● Work to be completed: Apart from the images, repeat the data below exactly as written.

● Recorded data:
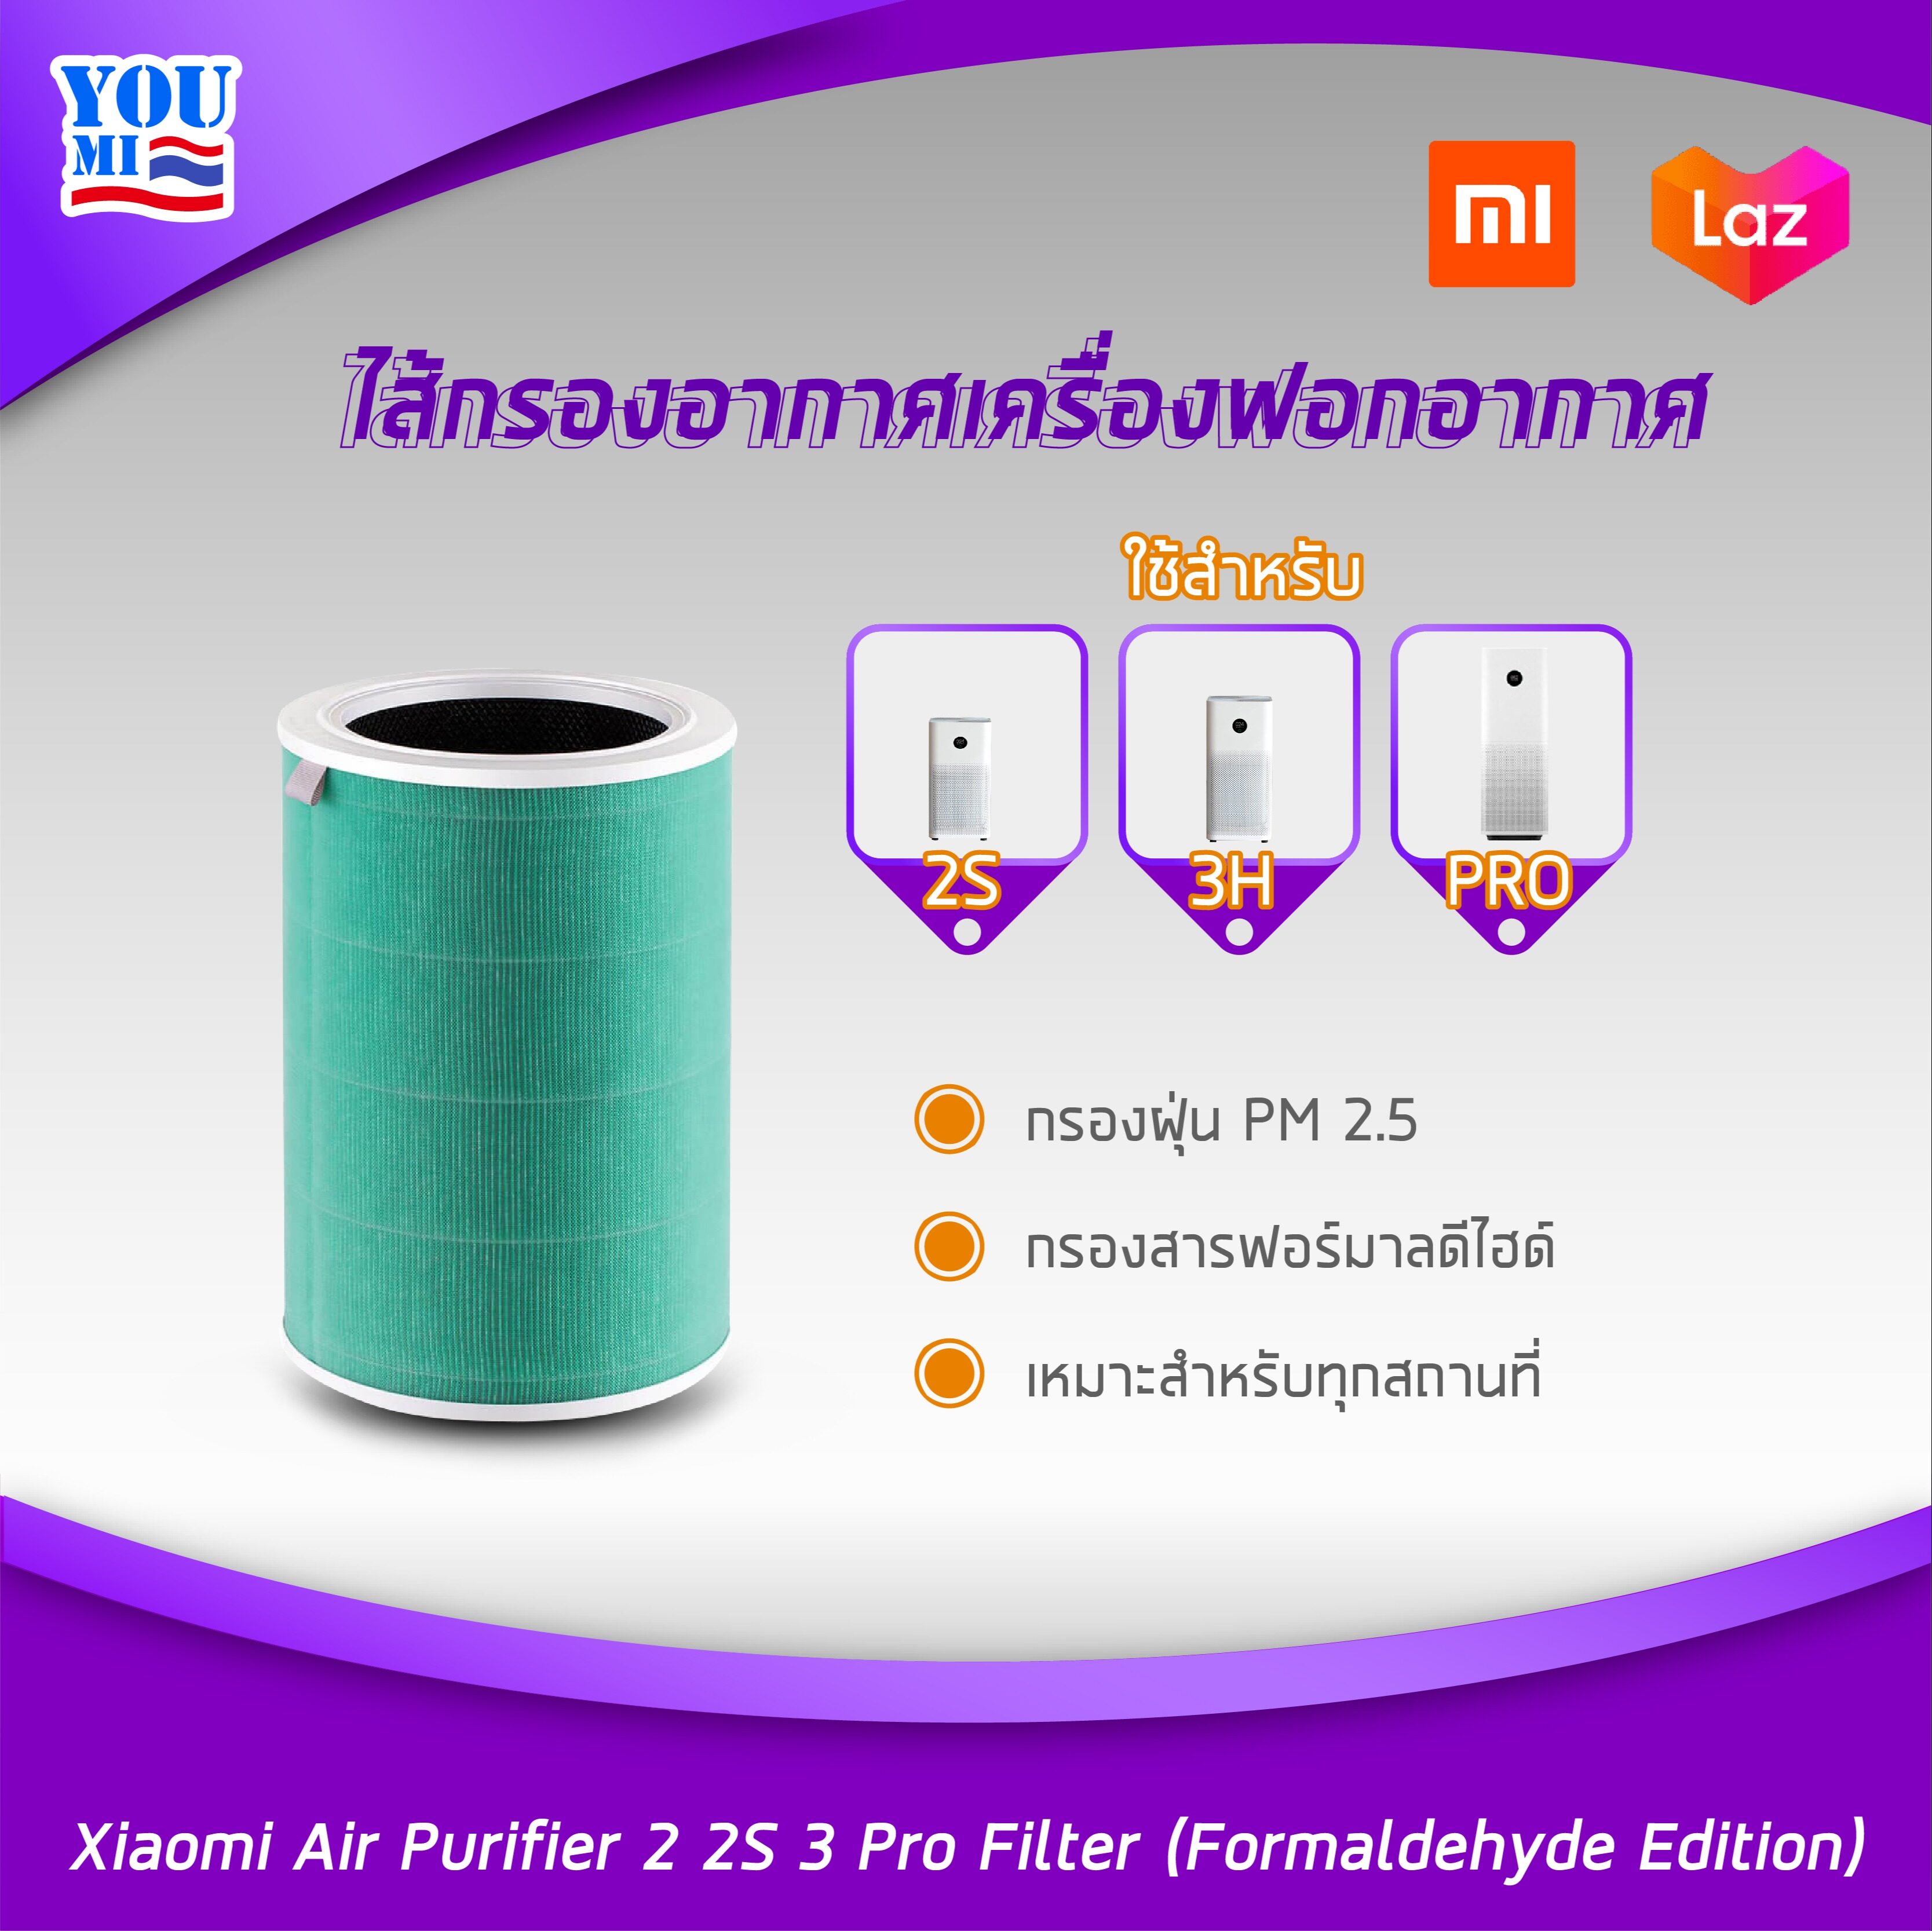 ไส้กรองอากาศเครื่องฟอกอากาศ Xiaomi Air Purifier 2 2S 3 Pro Filter 【Formaldehyde Edition】 PM2.5 กรองฟอร์มาลดีไฮด์
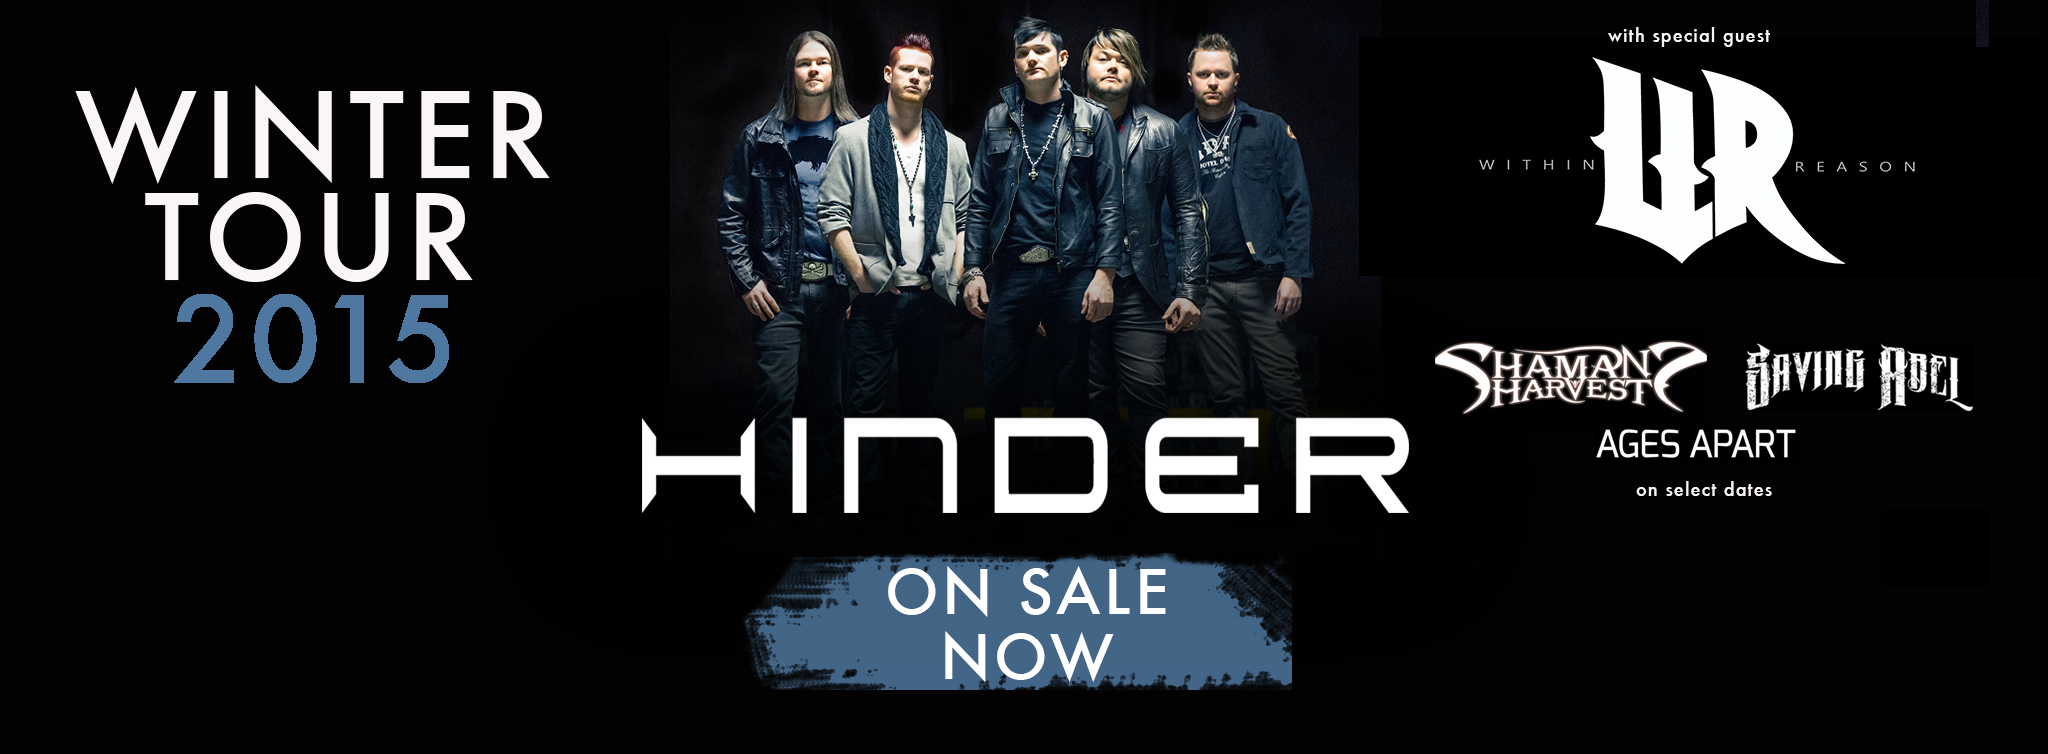 Hard Rockers WITHIN REASON Kick-Off  “Winter Tour 2015” Tour
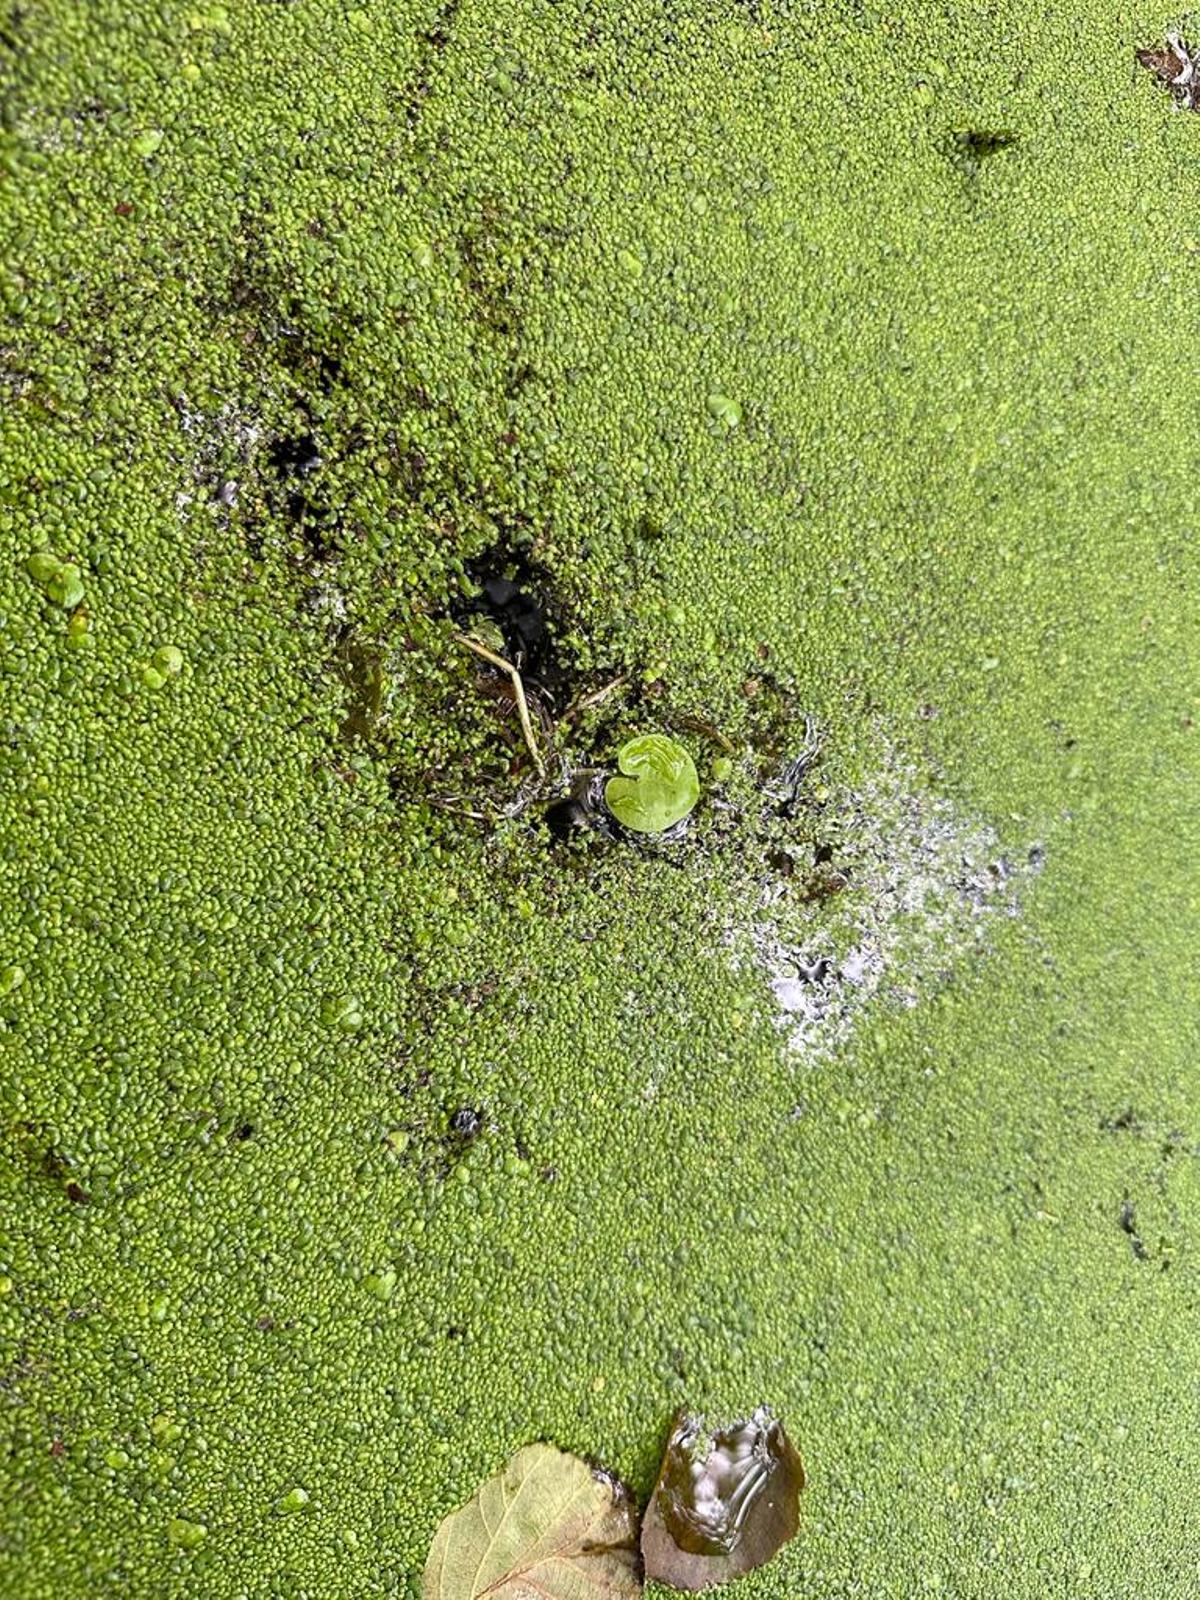 Ejemplar de bocado de rana en la laguna de As Brañas de Sada.

● Expected output:
 ไส้กรองอากาศเครื่องฟอกอากาศ Xiaomi Air Purifier 2 2S 3 Pro Filter 【Formaldehyde Edition】 PM2.5 กรองฟอร์มาลดีไฮด์
 Hard Rockers WITHIN REASON Kick-Off  “Winter Tour 2015” Tour
 Ejemplar de bocado de rana en la laguna de As Brañas de Sada.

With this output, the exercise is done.